How do you find the nth term of the sequence 2, 4, 16, 256, ...?

2 Answers
Mar 27, 2017

a_n = 2^(2^(n))

Explanation:

Okay, we have 2, 4, 16, 256, ....?
Find a common difference between each one. They are all divisible by 2. Since they are all divisible by 2, we have 2^1, 2^2, 2^4, 2^8, ...?
Now let's look at the power exponents, 1, 2, 4, 8,...?
It looks like for 1, 2, 4, 8, ...? can work if we have 2^n, starting a 0.
Now we have 2^(2^(n))

Plug in to be sure:
2^(2^(0)) = 2
2^(2^(1)) = 4
2^(2^(3)) = 16
2^(2^(4)) = 256

Mar 29, 2017

It could be a_n = 2^(2^n) or any matching formula.

Explanation:

Given:

2, 4, 16, 256,...

It seems that each element of the sequence is the square of the preceding one, since:

4 = 2^2

16 = 4^2

256 = 16^2

This would result in the formula:

a_n = 2^(2^n)

However, note that we have been told nothing about the nature of this sequence except the first 4 terms. We have not even been told that it is a sequence of numbers.

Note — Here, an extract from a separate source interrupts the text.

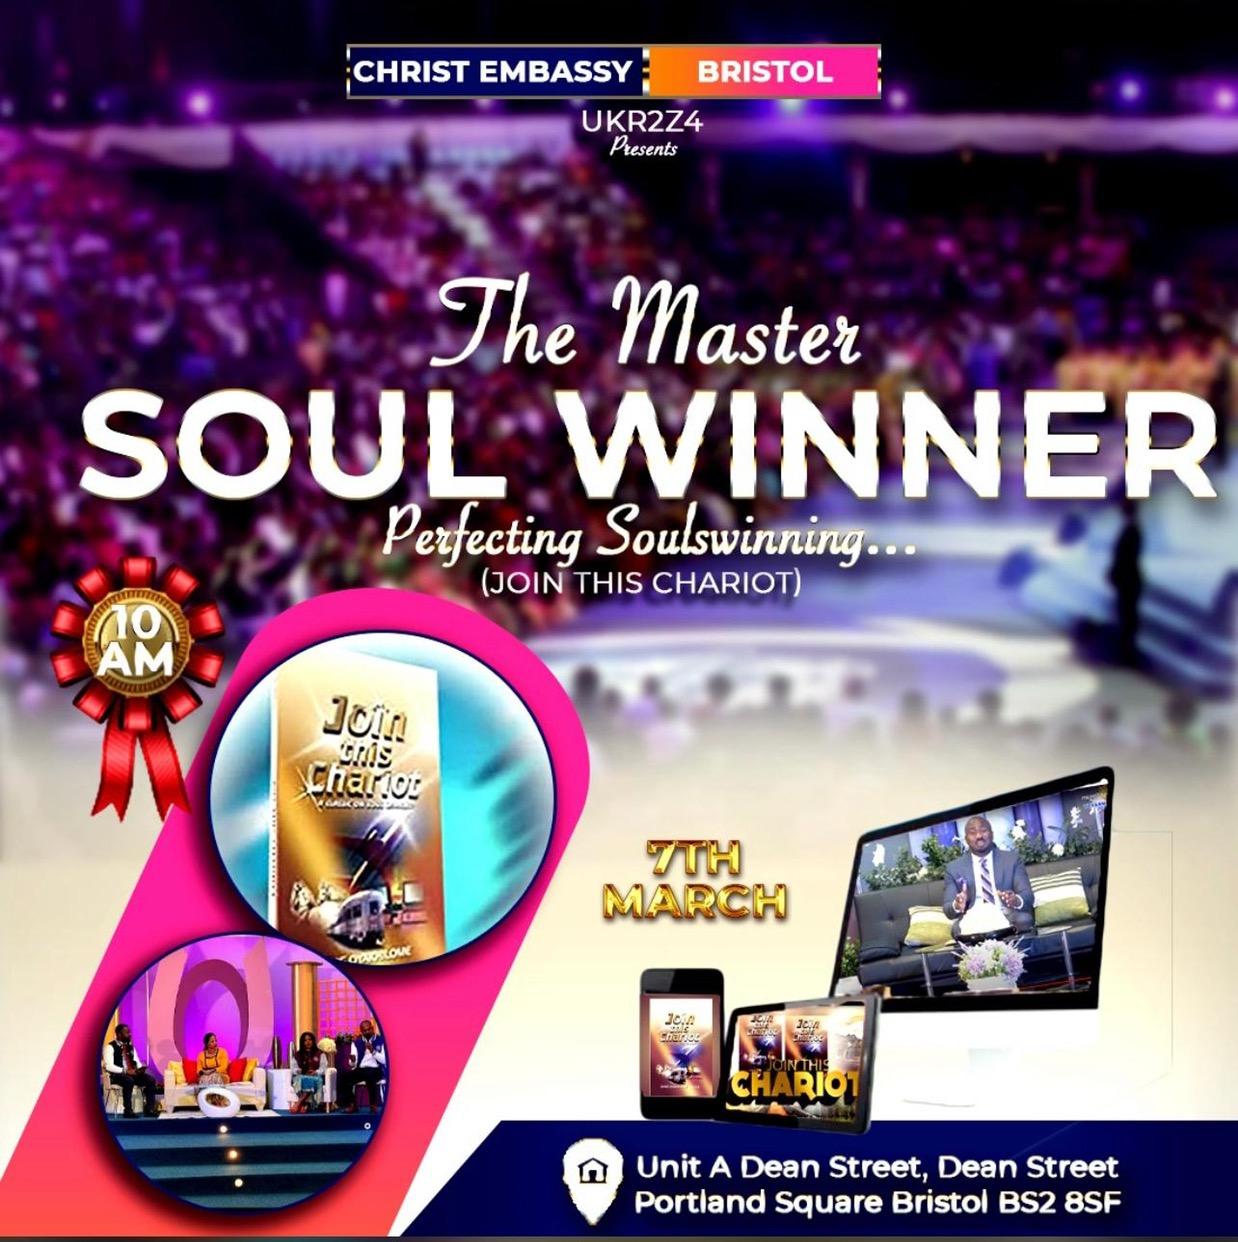 The Master soul winner✨ 7th
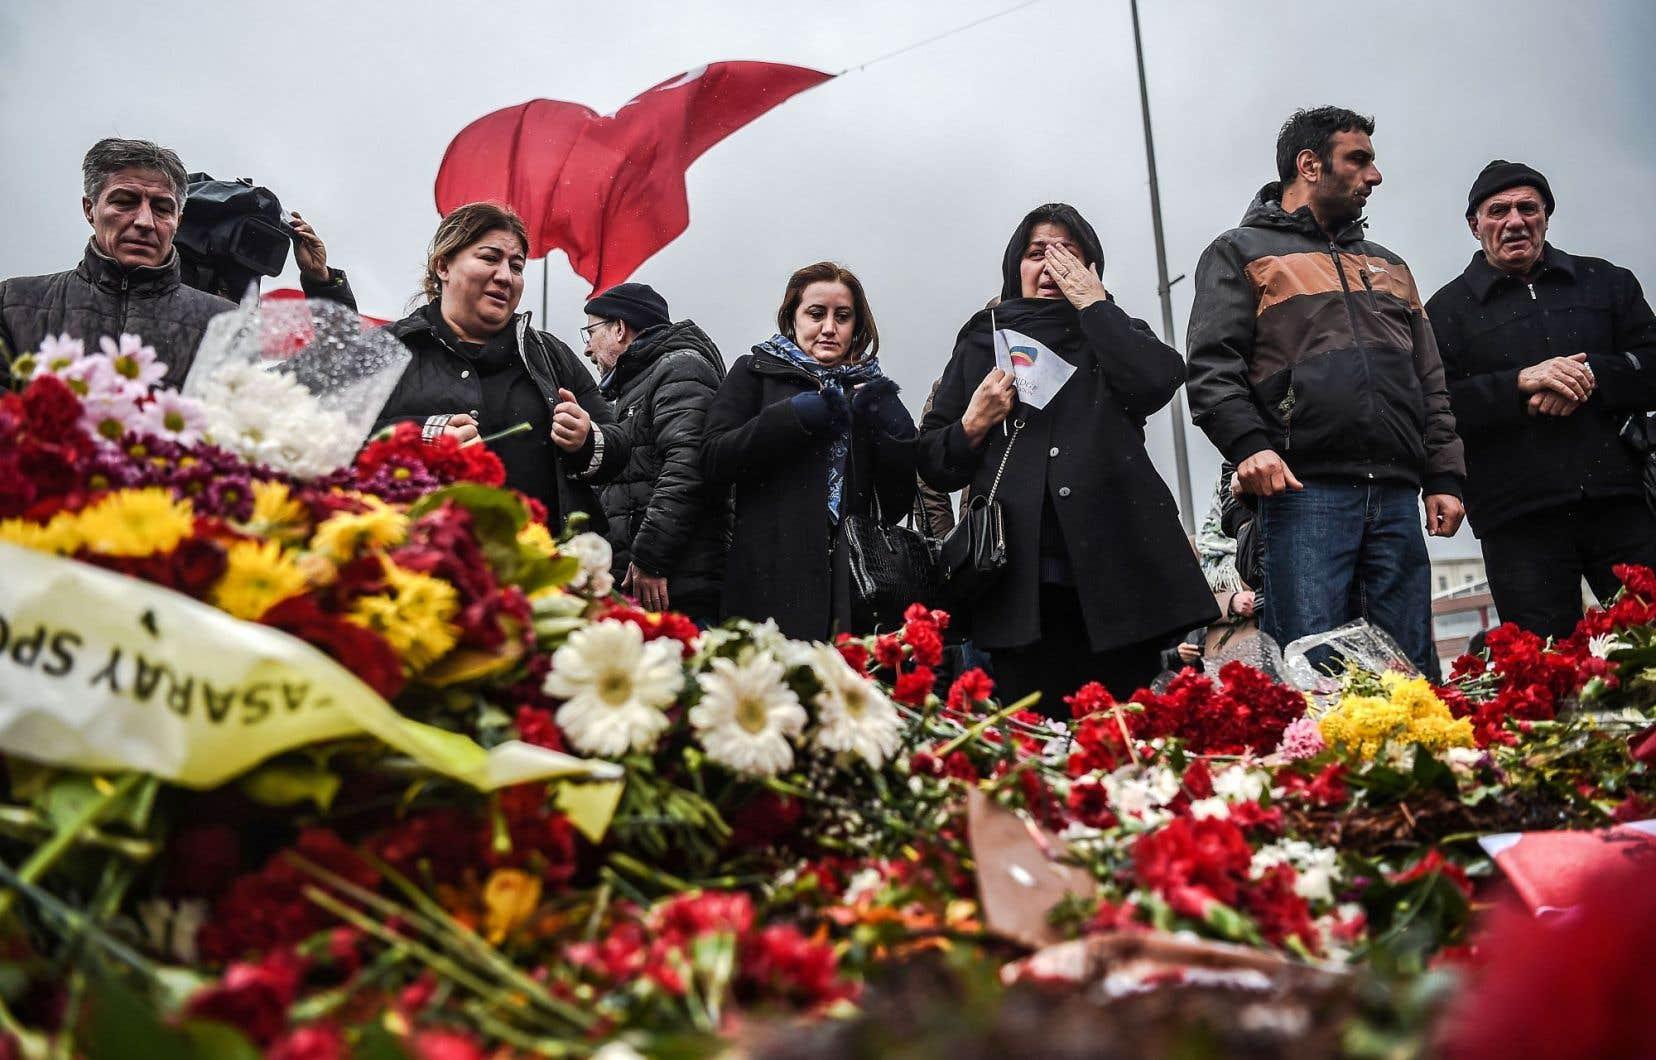 L'attentat de samedi dernier à Istanbul a suscité l'appui de la communauté internationale. Ci-dessus, des Istanbuliotes pleurent les 38 morts.

For example, it can be matched with a cubic formula:

a_n = 1/3 (109n^3 - 639n^2 + 1160n - 624)

Then it would not follow the squaring pattern, but would continue:

2, 4, 16, 256, 942, 2292, 4524,...

We could choose any following numbers we like and find a formula that matches them.

No infinite sequence is determined purely by its first few terms.